Chlorzoxazone has not been shown to be any more effective than...
Chlorzoxazone was first sold in the United States in August 1958. The drug is approved by the FDA in addition to rest, physical therapy, and other measures for the relief of discomfort associated with acute, painful musculoskeletal conditions. The way chlorzoxazone works has not been clearly identified but may be related to its sedative properties. Chlorzoxazone does not directly relax tense skeletal muscles in people.
Chlorzoxazone has not been shown to be any more effective than painkillers or anti-inflammatory drugs such as aspirin for relieving the pain of local muscle spasm.
Some people taking chlorzoxazone have experienced drowsiness, headache, upset stomach, nausea, vomiting, heartburn, constipation, diarrhea, and loss of appetite as side effects.
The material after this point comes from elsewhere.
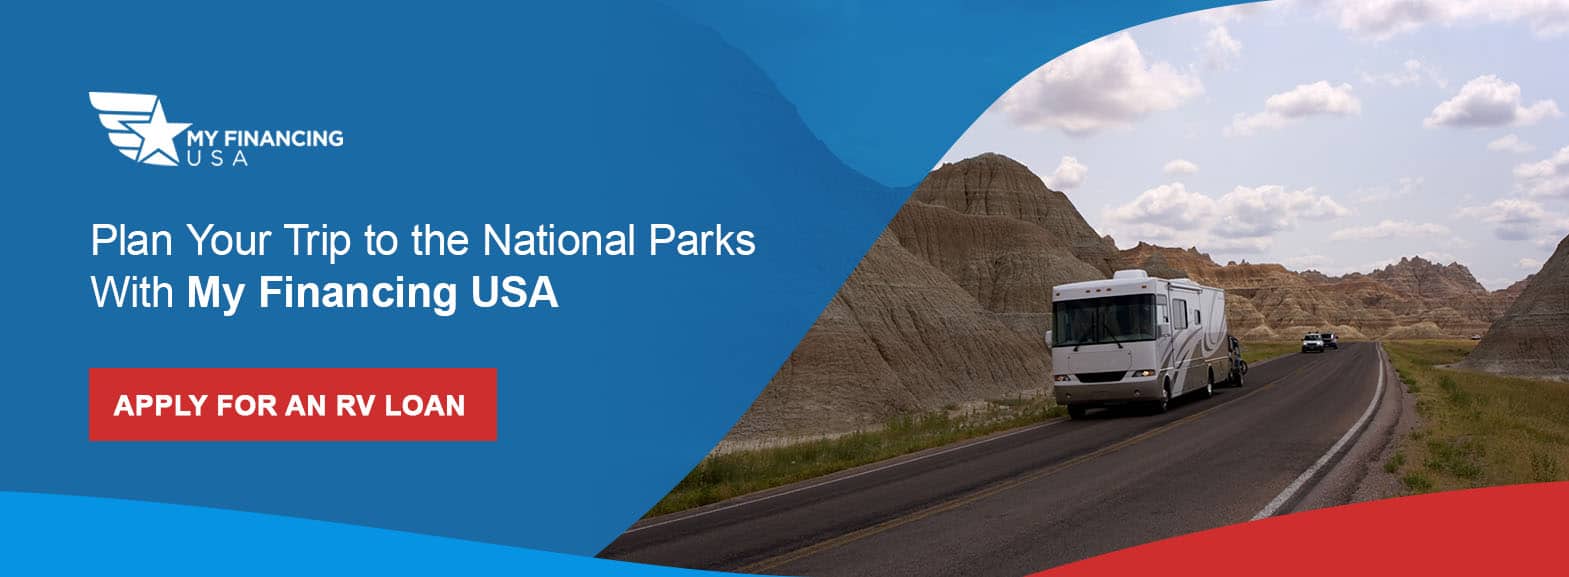 Plan Your Trip to the National Parks With My Financing USA

Serious, sometimes fatal, liver toxicity has been reported in patients taking chlorzoxazone. The way chlorzoxazone causes liver toxicity is unknown but appears to be idiosyncratic and unpredictable. You should stop taking chlorzoxazone and contact your physician immediately if you develop the symptoms of liver toxicity, such as fever, rash, loss of appetite, nausea, vomiting, fatigue, abdominal pain, dark urine, or jaundice (yellowing of the skin or eyes).
The use of chlorzoxazone together with alcohol or other central nervous system depressants may have an additive sedative effect.